EXPOSÉ GÉNÉRAL
I. LA CONCURRENCE FISCALE ET L'OPTIMISATION FISCALE ABUSIVE ENTRAÎNENT UNE DISTORSION DE LA FISCALITÉ QUI A DES EFFETS INDÉSIRABLES CE DONT TÉMOIGNE EN PARTIE LA PRÉSENTE PROPOSITION DE LOI
A. LES EFFETS PERNICIEUX DE LA CONCURRENCE FISCALE SUR LA STRUCTURE DES PRÉLÈVEMENTS OBLIGATOIRES...
En dehors de son incidence première, qui est de créer une érosion financière dommageable, la concurrence fiscale a des effets asymétriques sur les assiettes fiscales qui entraînent une distorsion sourde et regrettable de la structure des prélèvements obligatoires.
Les bases fiscales les plus mobiles exploitent les écarts de taux d'imposition effectifs et ce processus est également à l'oeuvre dans les pratiques d'évasion fiscale internationale qui visent à distraire les revenus des aires de souveraineté fiscale où ils sont engendrés par des montages de nature très diversifiée (juridique, financière, commerciale ...).
Le poids de la fiscalité est alors reporté sur les assiettes fiscales les plus inertes. Les revenus des PME sont ainsi plus taxés que ceux des grandes entreprises. Il en va de même pour les particuliers, le taux d'imposition effectif moyen des revenus les plus élevés étant souvent inférieur à celui des revenus intermédiaires.
Par ailleurs, la tentation existe de recourir davantage aux impositions indirectes et autres accises dès lors que les prélèvements directs sur les revenus peuvent être éludés ou, tout simplement, hors de portée des pays qui subissent l'évasion fiscale internationale.
La présente proposition de loi offre un exemple de cette recomposition fiscale puisqu'aussi bien les trois taxes qu'elle crée relèvent toutes de la fiscalité indirecte, le dispositif de la proposition de loi ne touchant rien de la fiscalité des bénéfices des entreprises, pour des raisons qui relèvent en large partie de la nécessité.
Or, ce glissement fiscal a des conséquences indésirables.

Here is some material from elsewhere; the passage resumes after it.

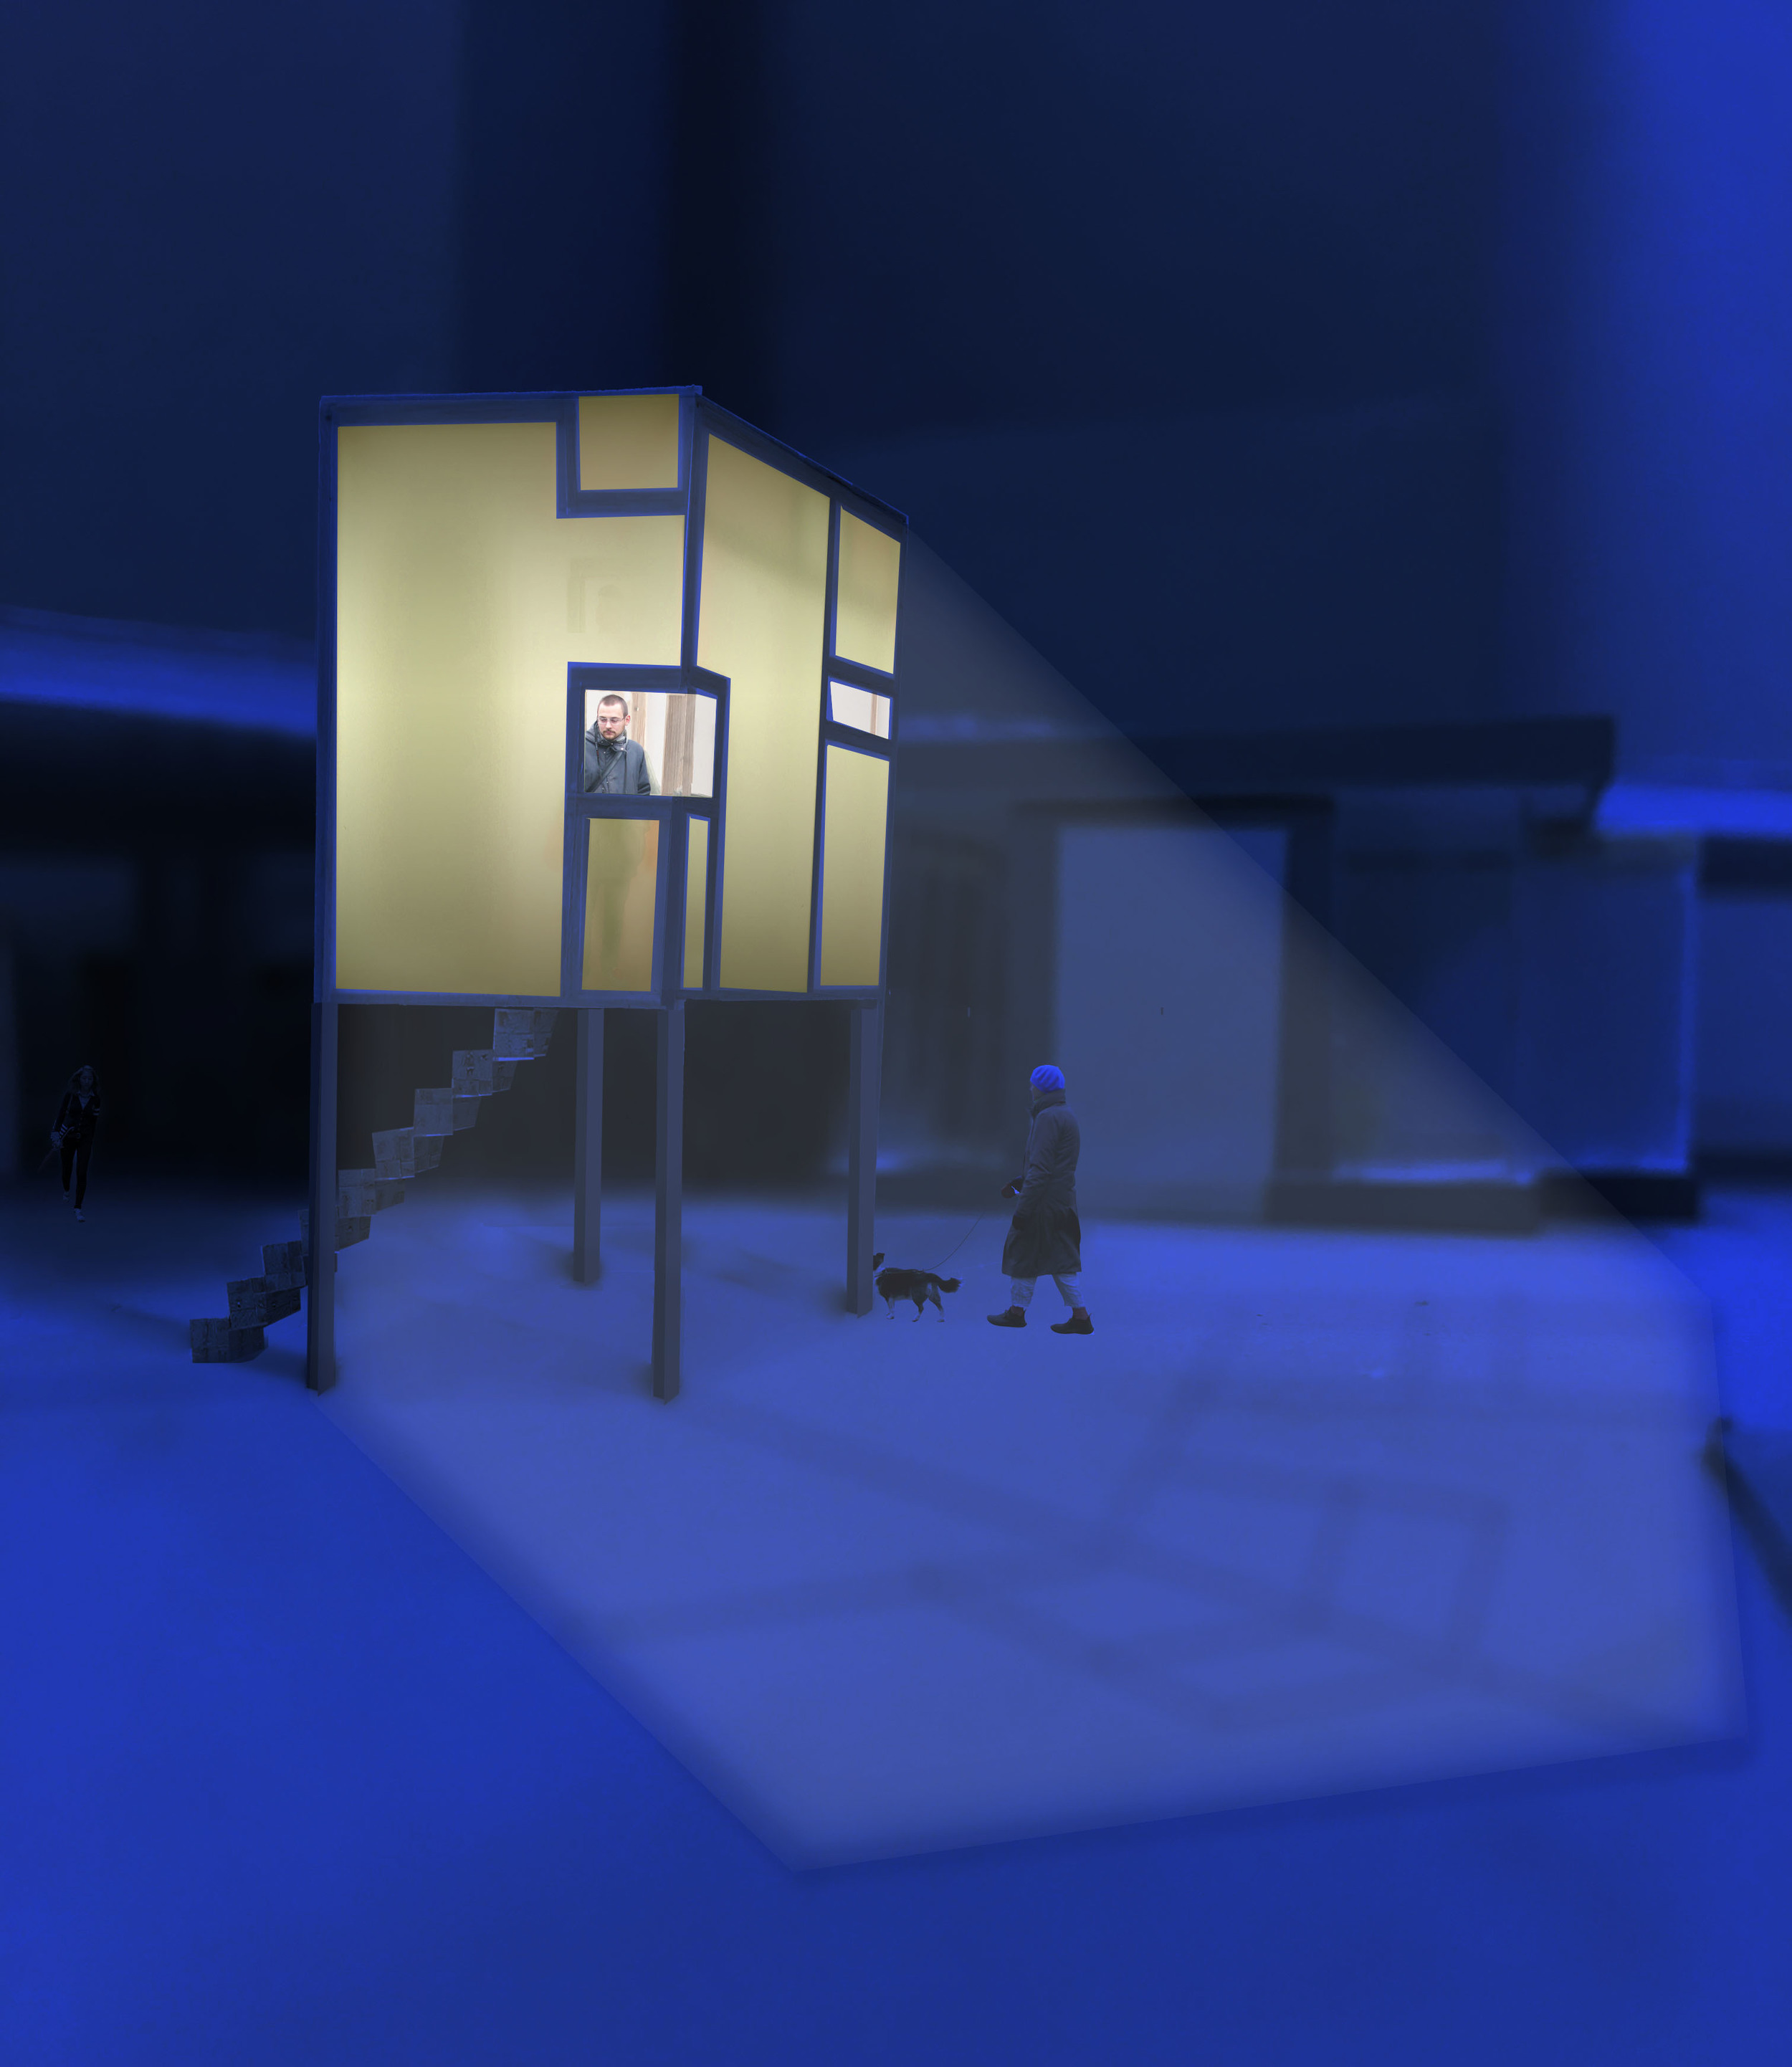 3pers-visual-nacht 3.jpg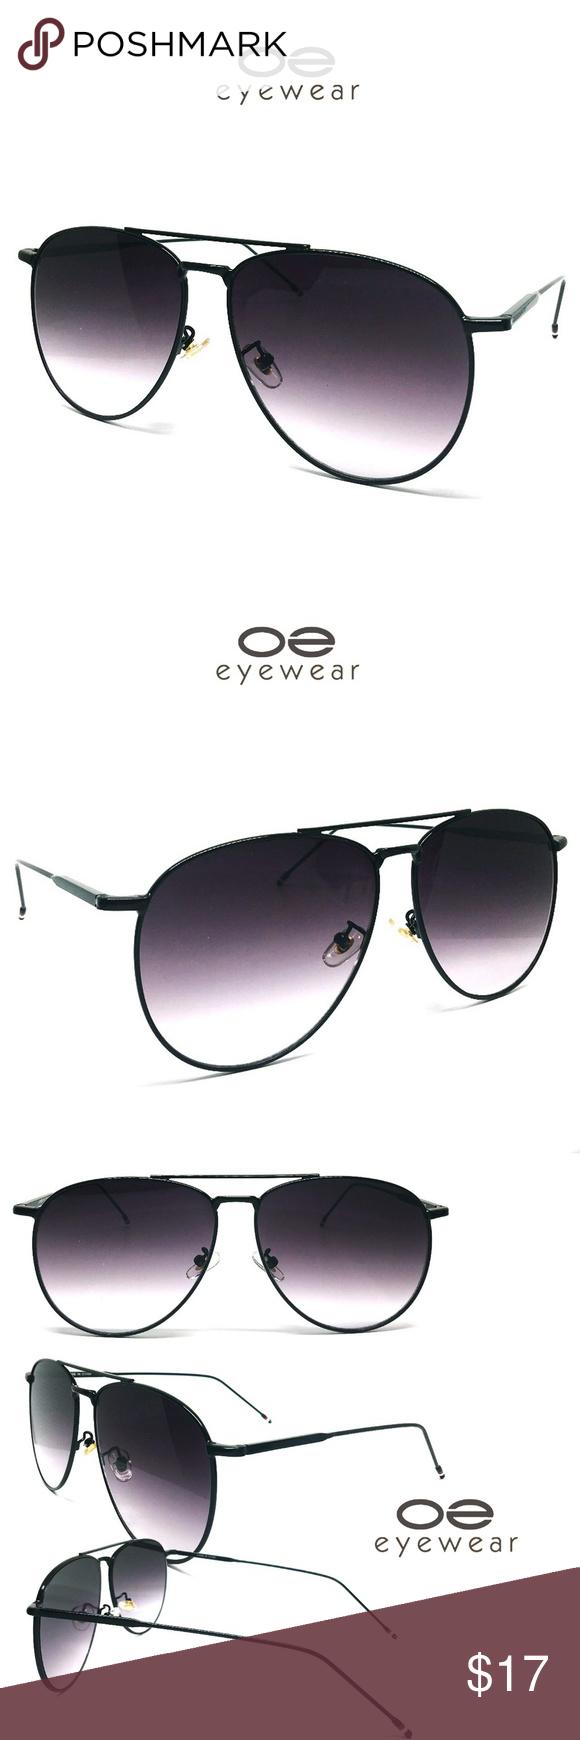 c093abe87f O2 Eyewear 97025 Oversized Flat Aviator Sunglasses OVERSIZED Lightweight Premium  Aviator For Superior Comfort frame

Il a des effets inflationnistes qui sont d'autant moins désirables que la politique monétaire est trop souvent aveugle aux distinctions entre l'inflation sous-jacente (celle qui témoigne de tensions sur les marchés de facteurs ou de biens) et l'inflation apparente.
En outre, il ampute le pouvoir d'achat des ménages ce qui peut affaiblir l'un des moteurs principaux de la croissance - la demande intérieure - et, compte tenu des effets différenciés, selon le niveau des revenus, de l'inflation sur le pouvoir d'achat des ménages, accroît les inégalités.
La rupture des équilibres fiscaux qui s'inscrit dans ce contexte est encore amplifiée par la disjonction entre le système de prélèvements et les capacités contributives des agents qui résulte de « l'exemption fiscale de fait » des bénéfices des entreprises, au niveau de celles-ci mais aussi, potentiellement, quand les dividendes sont distribués.
Ce n'est pas à dire que la neutralité fiscale ne puisse justifier une mise à niveau des prélèvements sur les biens et services de l'économie numérique. Mais, force est de rétablir des priorités d'action fiscale qui devrait s'attacher à préserver l'équilibre d'un système de prélèvement équitable.
De ce point de vue, toute législation fiscale visant à corriger des déséquilibres partiels a des effets ambigus.
D'un côté, elle rapproche de la neutralité fiscale ; de l'autre, elle en éloigne, puisqu'elle intègre à sa logique les « trous noirs » du système fiscal.